Name of Proponent: Washington State Housing Finance Commission, governmental.
Rule is not necessitated by federal law, federal or state court decision.
Explanation of Rule, its Purpose, and Anticipated Effects: The Washington State Housing Finance Commission has been designated as the state agency in Washington responsible for implementing the tax credit program authorized under Section 42 of the Internal Revenue Code of 1986, as amended. The commission's plan for allocating or awarding tax credits has been approved by the governor of the state of Washington. The proposed rule establishes the framework for the commission's tax credit program and will provide applicants to the tax credit program with clear direction regarding the principles by which the commission will allocate or award tax credits.
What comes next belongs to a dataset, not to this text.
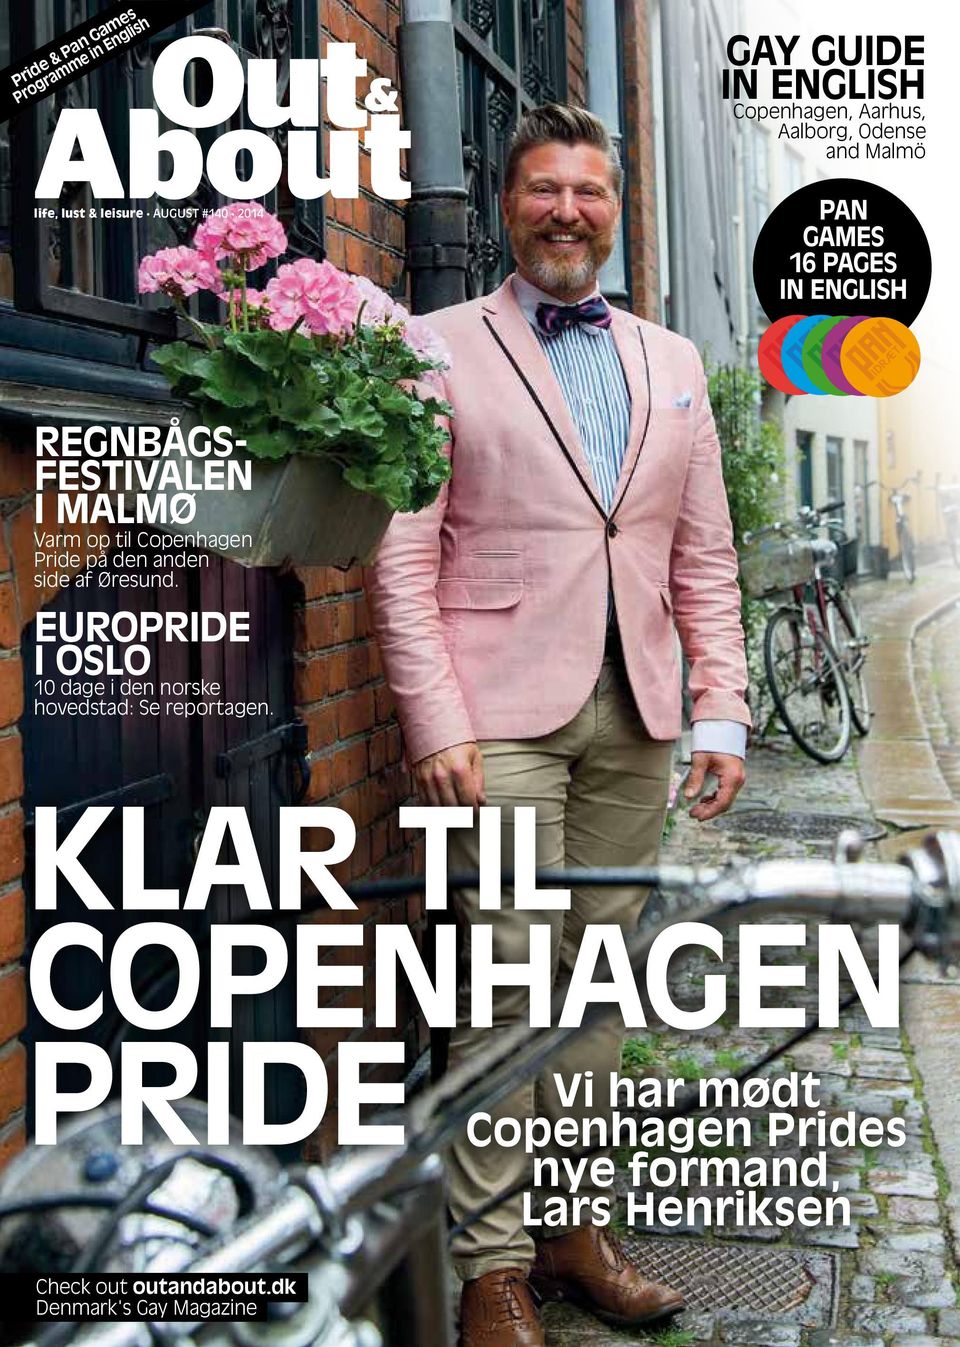 Pride på den anden side af Øresund. EUROPRIDE I OSLO 10 dage i den norske hovedstad: Se reportagen.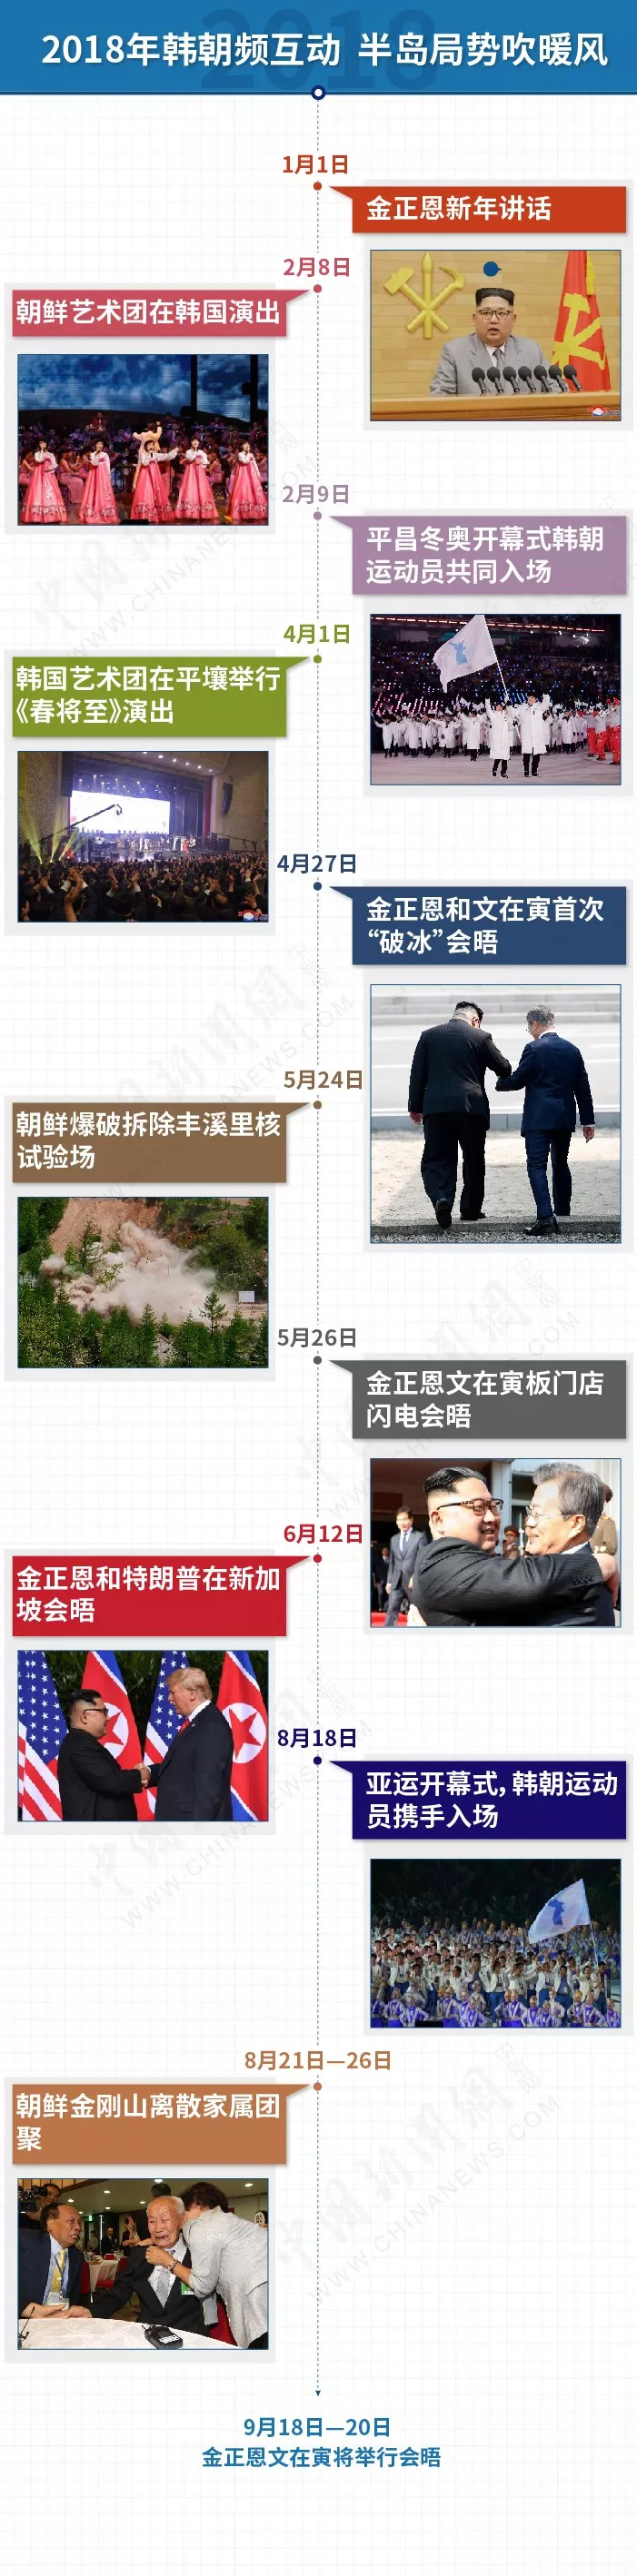 圖自中國新聞網

Proposal does not change existing rules.
No small business economic impact statement has been prepared under chapter 19.85 RCW. Under RCW 19.85.061, because the proposed rule implements the requirements of Section 42 of the Internal Revenue Code of 1986, as amended, the proposed rule does not in and of itself impose any burden on small businesses in an industry and a small business economic impact statement is not required.
Section 201, chapter 403, Laws of 1995, does not apply to this rule adoption. Under RCW 34.05.328 (5)(b)(iii), because these rules would be "rules of other Washington state agencies" not listed in subsection (5)(a)(i), section 201, chapter 403, Laws of 1995, does not apply.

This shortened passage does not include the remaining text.